- WHAT NEEDS TO BE DONE
Pictures appear among the records below and must be omitted. Repeat exactly the lines from the line with "Item number 39149621" to the line with "Features Check Lightweight Scarf", both included.
===== DATASET =====
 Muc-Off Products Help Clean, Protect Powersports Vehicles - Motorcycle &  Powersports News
=====
===== DATASET =====
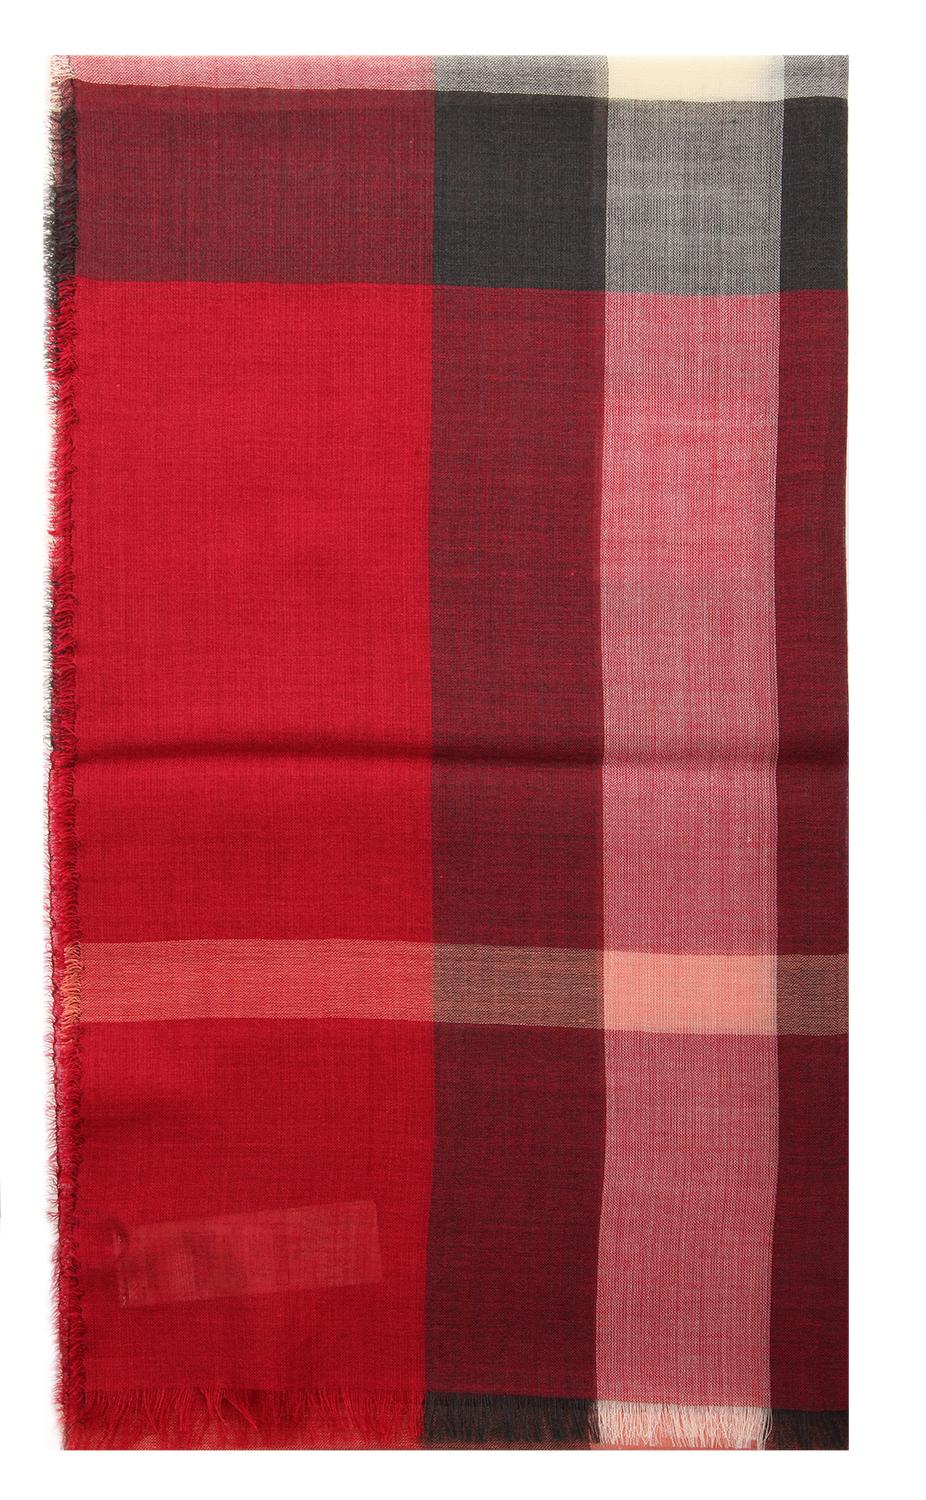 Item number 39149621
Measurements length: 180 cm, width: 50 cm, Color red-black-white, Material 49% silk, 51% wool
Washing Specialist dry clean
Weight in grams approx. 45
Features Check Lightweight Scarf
=====
===== DATASET =====
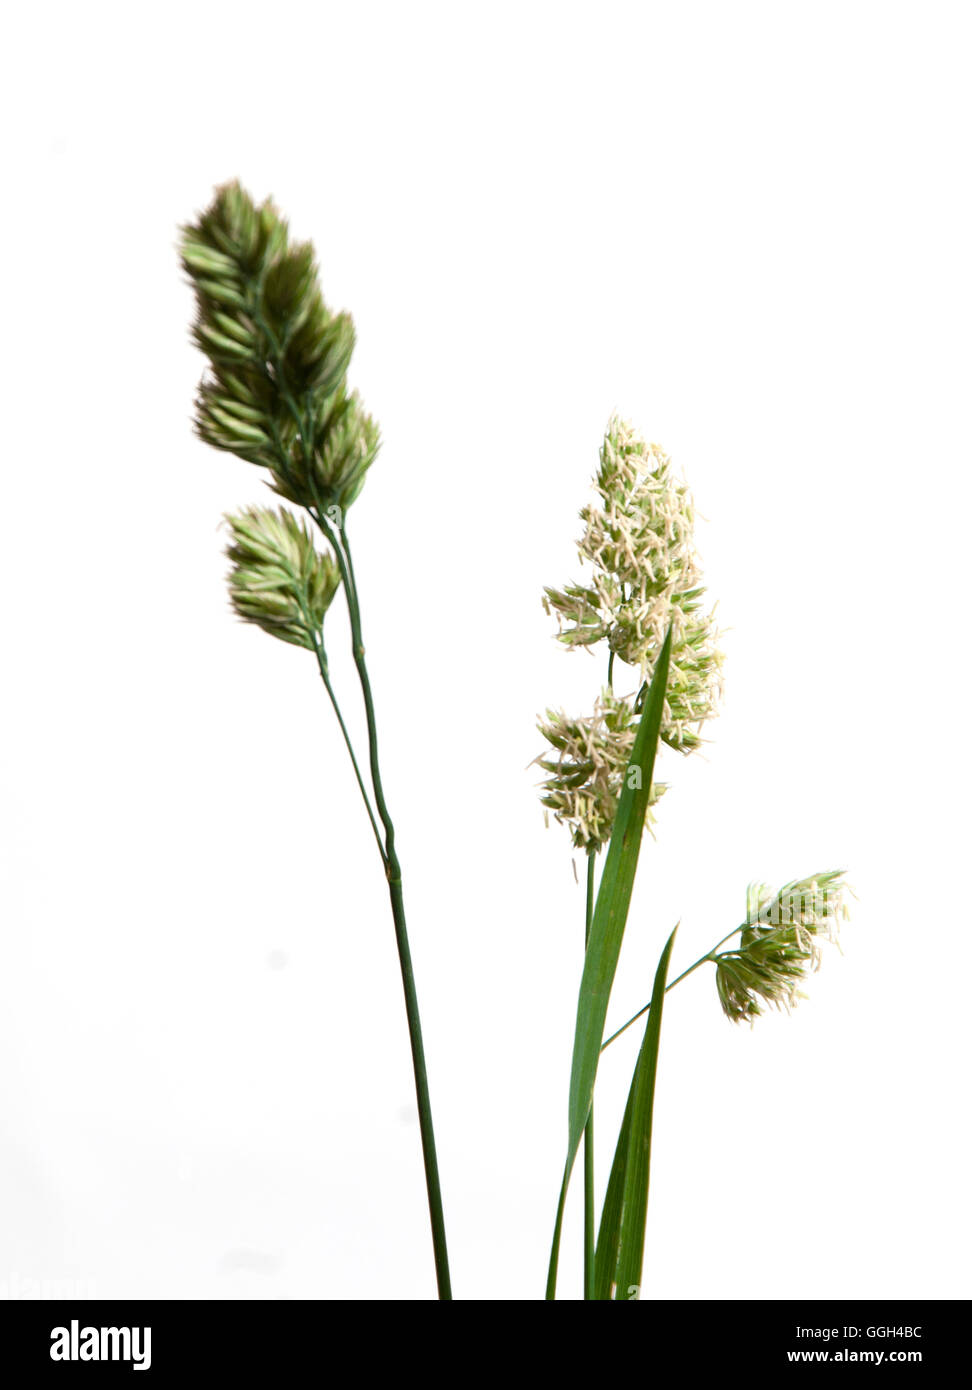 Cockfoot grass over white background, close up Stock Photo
=====
- REPLY TO THE TASK
 Item number 39149621
Measurements length: 180 cm, width: 50 cm, Color red-black-white, Material 49% silk, 51% wool
Washing Specialist dry clean
Weight in grams approx. 45
Features Check Lightweight Scarf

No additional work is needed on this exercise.